Universities make millions off of their players but punish them for accepting benefits



For nearly a century the National Collegiate Athletic Association and schools across the country have been cashing in on the marketability of their student-athletes.  Schools make millions every year while only offering students scholarships.  Many of those students come from low-class neighborhoods. They cannot afford to go out to eat, get a bus ride home or even buy their own jersey on display at local stores.  Colleges and universities that generate over $15 million in annual revenue from their athletic programs should give student-athletes commission on merchandise sales and television contracts.

The proposed figure would qualify about 150 schools and give the top athletes a slice of the money they are making for the organizations that market them.  Currently, the NCAA hides behind the ‘amateur’ tag they have given student-athletes as a reason for their free labor. But at the revenue level proposed, there is nothing amateur about these athletes who endure two-a-day practices and play in primetime TV slots.  The amount of time these students devote to their sport makes it no different from any other on-campus job a student might have.

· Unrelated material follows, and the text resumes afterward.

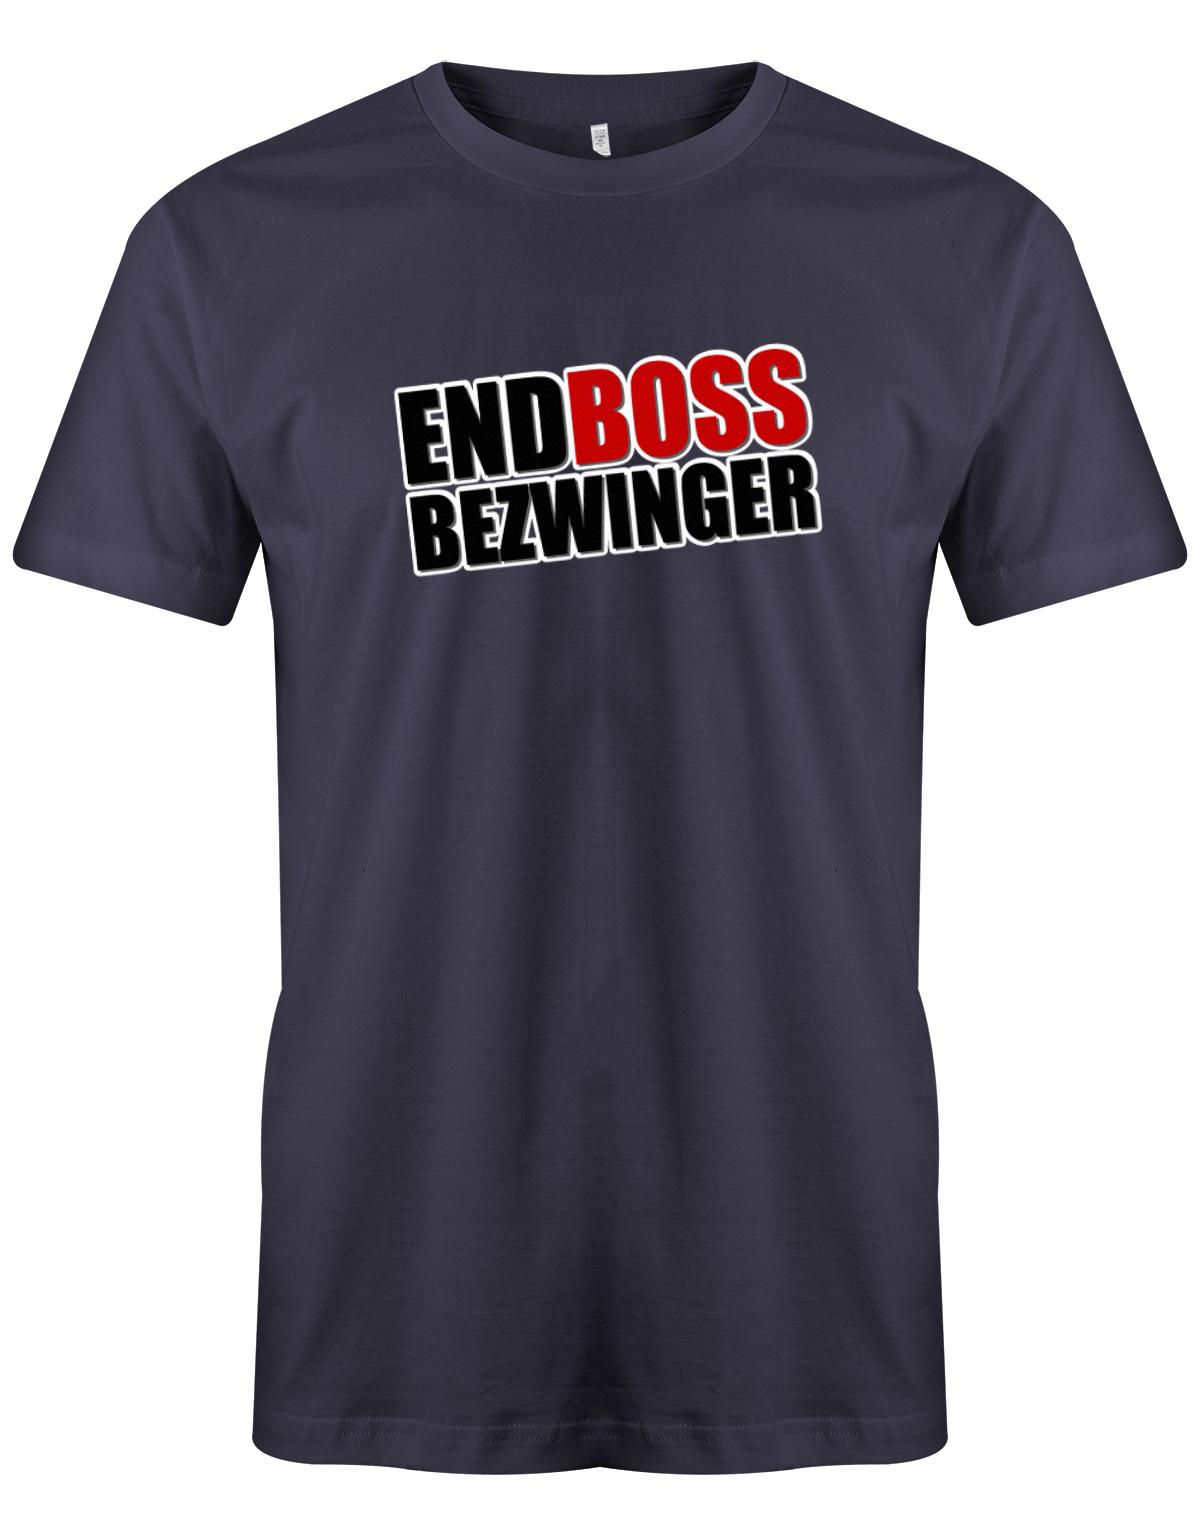 Endboss-Bezwinger-Gamer-Herren-Shirt-Navy

AP Photo Texas A&M quarterback Johnny Manziel was recently suspended one-half of a game for violating the NCAA’s policy.

AP Photo Texas A&M quarterback Johnny Manziel was recently suspended one-half of a game for violating the NCAA’s policy.

The hypocrisy in modern-day college sports has been pointed out by hundreds of people who have taken the NCAA to court over the past 20 years.  The NCAA has punished students for selling the shirt off their back, yet sell the same jersey for $40.00 in souvenir stores.  College players are not allowed to inscribe any messages on their clothes or body while competing, yet the NCAA sells spaces on their uniforms for corporate logos and slogans.  College players cannot profit from their own likeness, yet the NCAA sells the right to their name for highlight films and video games.

For all this current exploitation, the NCAA insists that they are preparing these students for the future.  But are they?  After a long call for academic reform, the NCAA recently upgraded its academic standards for student-athletes to require more core classes and a higher grade point average this year. But after accusations that schools are pushing student-athletes to be ‘General Studies’ majors, which was described by one reporter as ‘a baloney major’, it appears schools are finding loopholes. When asked to address those accusations at a press conference earlier in the year, NCAA president Mark Emmert’s answer fell flat.

“We’re an athletic association.  We don’t accredit academic institutions.  We don’t go into the classroom and say ‘we don’t like the quality of this degree.’ That’s not the job of this association,” Emmert said.

It seems no one wants to take responsibility for helping these kids who earn these people so much money.

With ugly scandals constantly breaking about college athletes getting paid by school officials and boosters, this alternative gives students a legal right to the money they are earning. Players commit so much time and risk so much for their schools, it is time the schools gave something back.